Spot market sales are generally of thirty days duration with prices negotiated monthly at levels which represent current market conditions. Such sales may be at the well or may be off-lease, at a point downstream on a gatherer's or transporter's line and may represent gas produced from numerous wells. Dedication of specific wells or reserves will usually be absent. Delivery requirements will vary from firm, fixed quantities to best efforts or interruptible. Gas may be sold under master contracts having a term of a year or more but which require the producer and the purchaser to agree monthly on the volumes to be taken and the prices for those volumes. While in the form of a term contract, these sales contracts are in reality no more than spot sales since thirty days is the limit of each party's obligation.

[2] Term Contracts

Most longer term contracts today fall in the category of those requiring the sale of a specified quantity of gas, usually on a

[Page 2-4]

daily but sometimes a monthly basis, for a term which may extend from one to five years. Purchasers typically are LDC's and end-users.
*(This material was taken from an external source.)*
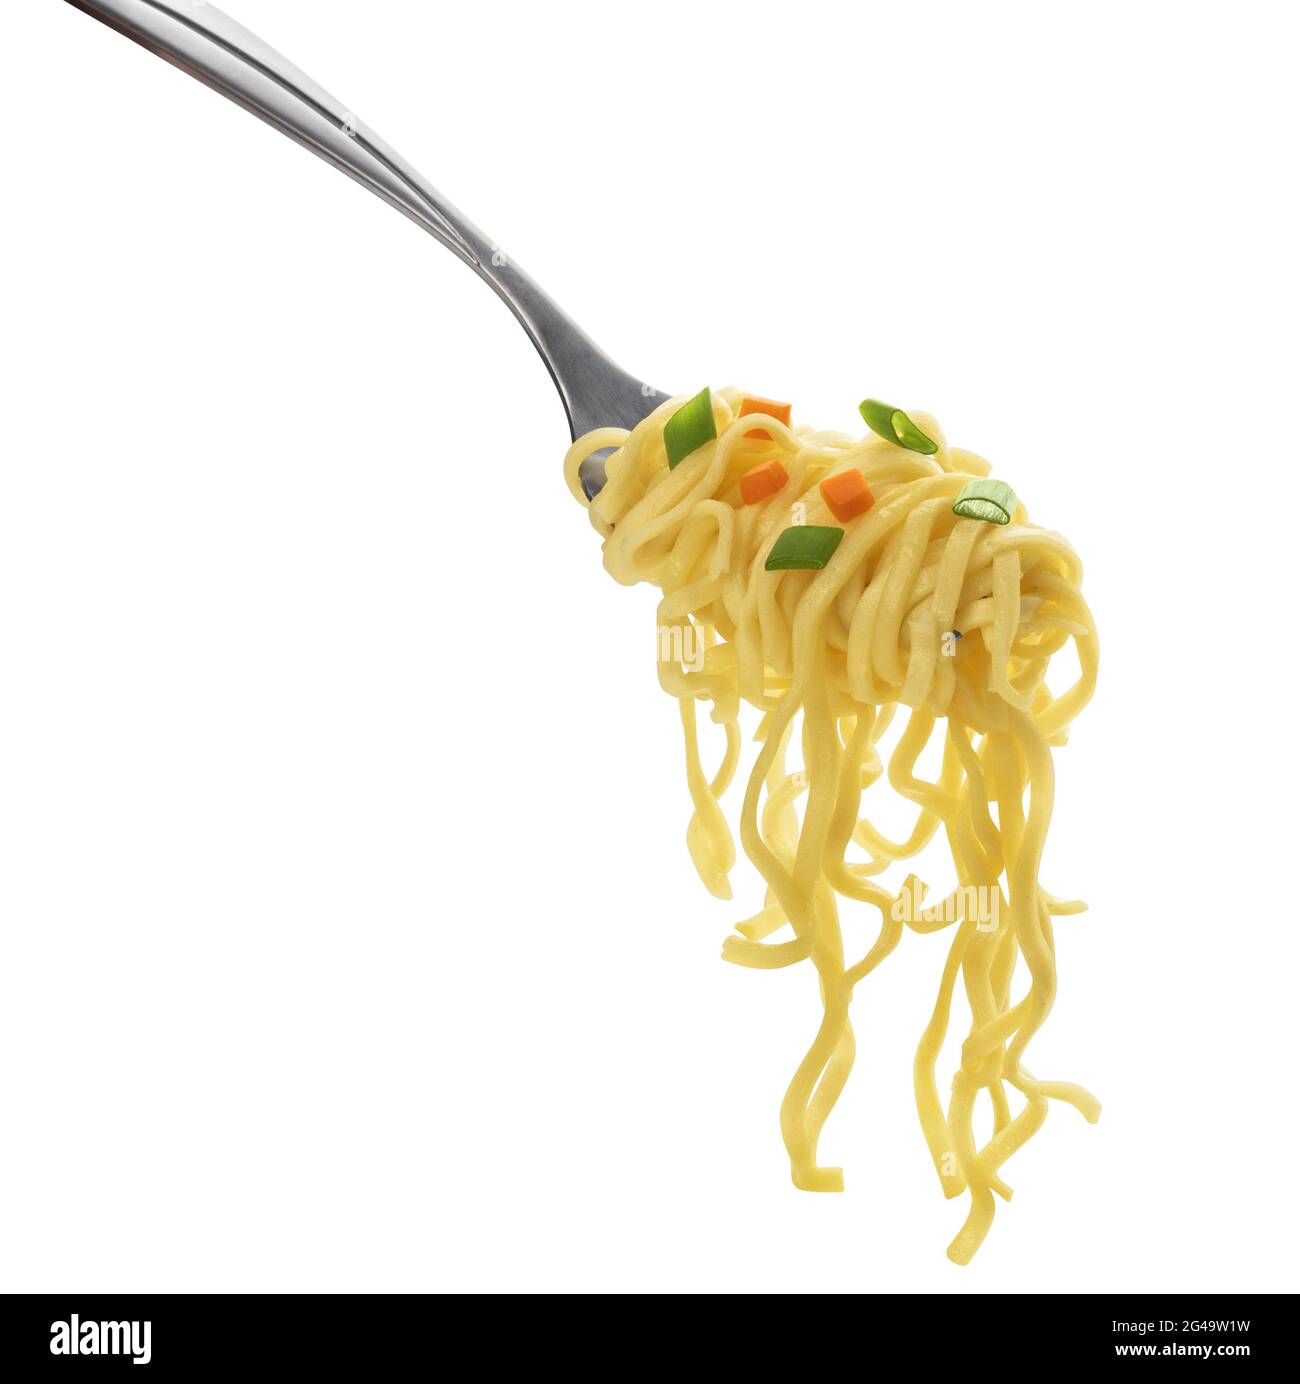 Noodles istantanei con forchetta isolata su sfondo bianco Foto

Three identifiable types will be examined.

[a] Warranty Premium Priced Contracts

These contracts dedicate no specific reserves, but the producer guarantees delivery of the required contract quantities at set prices. Delivery may be at a specific point or points on either a transmission line or out of a transmission line into facilities owned by the purchaser. At the time the contracts are executed, the price will be set at a level currently above market clearing levels and at a premium to the spot price reflecting the value of assured supply to the user and a premium for the burden and risk of supply availability imposed on the producer.
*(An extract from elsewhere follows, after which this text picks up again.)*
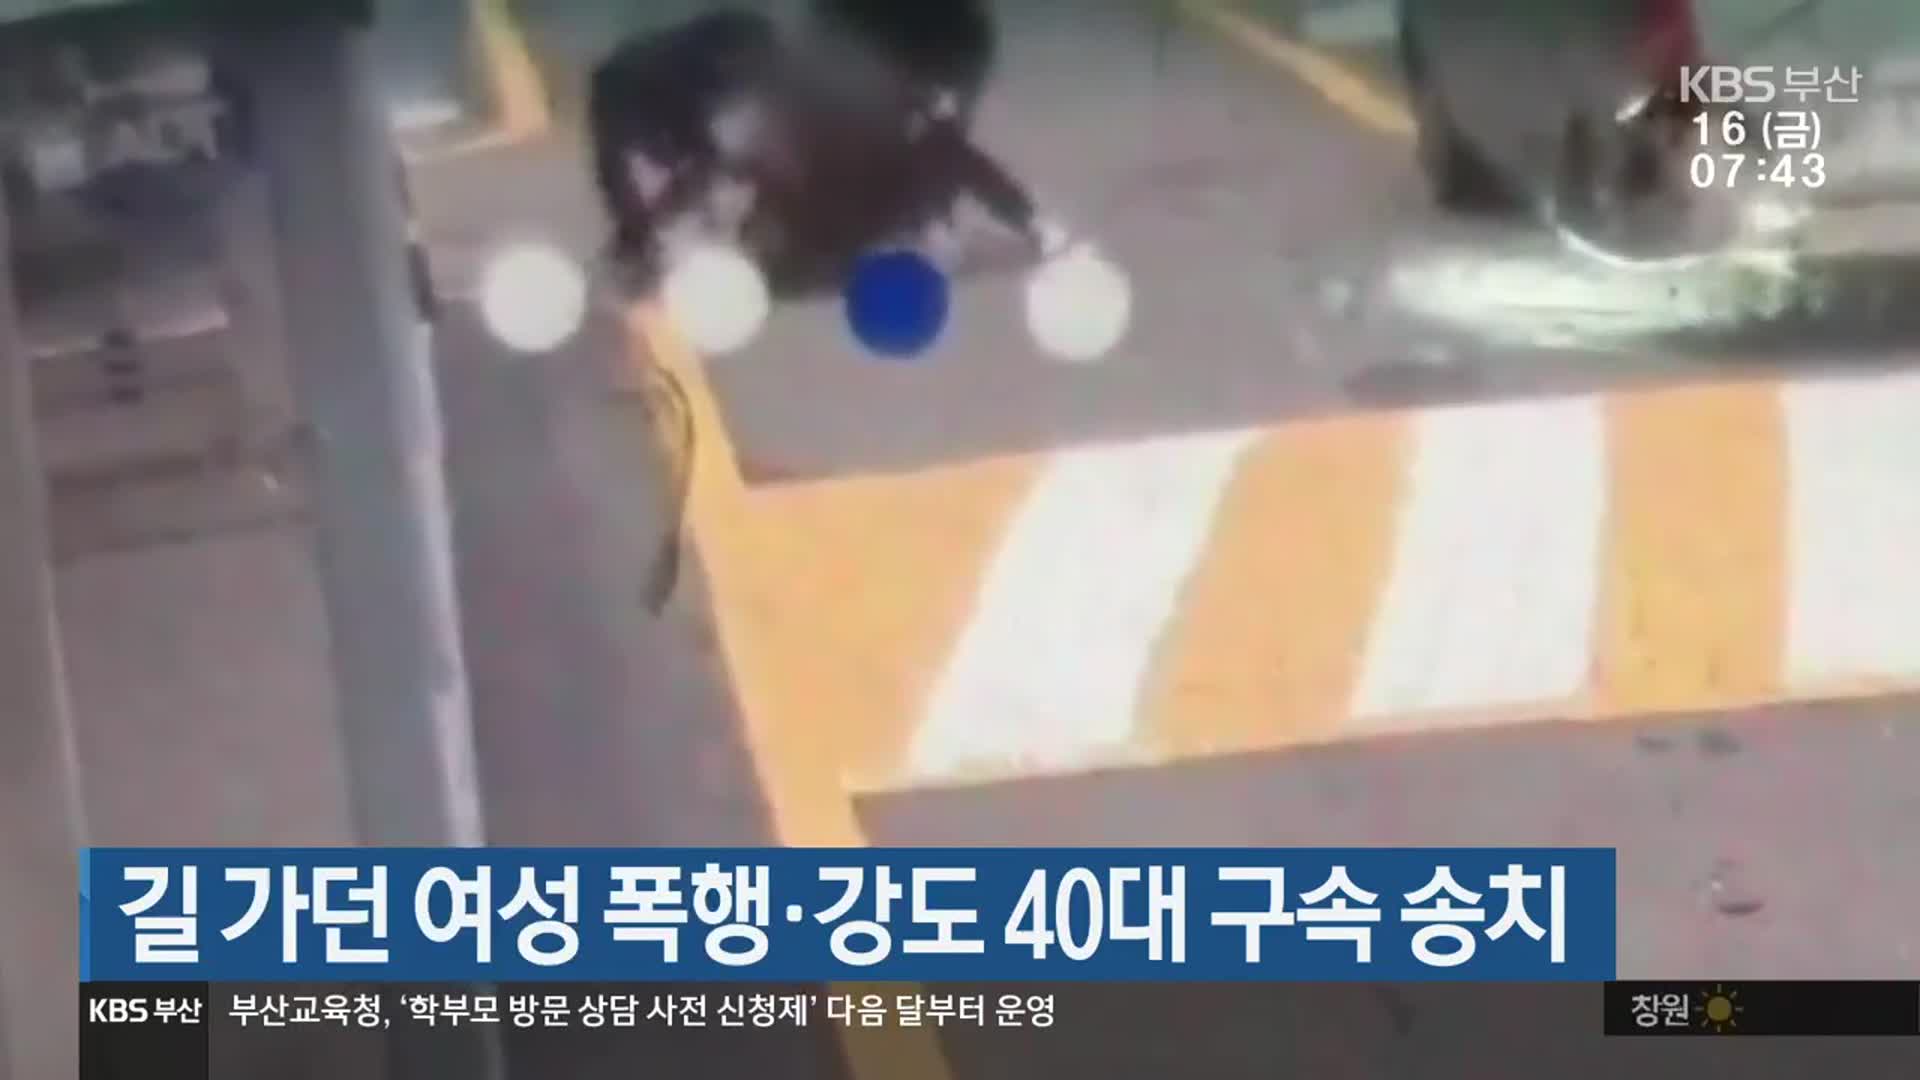 길 가던 여성 폭행·강도 40대 구속 송치

[b] Term Contracts — Reservation Charge

These contracts impose on the seller a maximum delivery obligation but give the buyer flexibility in its purchase volumes. Such contracts provide for a two-part rate, first a reservation fee payable on the maximum quantity available regardless of the quantity nominated by the buyer and second, a commodity charge based upon the volume nominated and taken. The commodity charge may track the spot price and the reservation fee is frequently a percentage of the commodity charge. Thus, the buyer pays for its flexibility and the seller is compensated for its delivery obligation by the reservation charge.

[c] Term Contracts — Liquidated Damage Provisions

These contracts specify a contract quantity which the lessee/seller contemplates delivering and the buyer/user contemplates purchasing. Their unique feature is that they provide for liquidated damages payable by the seller to the buyer if the seller fails to deliver the contract quantities, and conversely, provide for liquidated damages payable by the buyer to the seller if the buyer fails to take the contract quantities. Typically, these liquidated damages are calculated by reference to a stipulated cover price which itself is usually based upon published indices applicable to the month of under-delivery or under-takes.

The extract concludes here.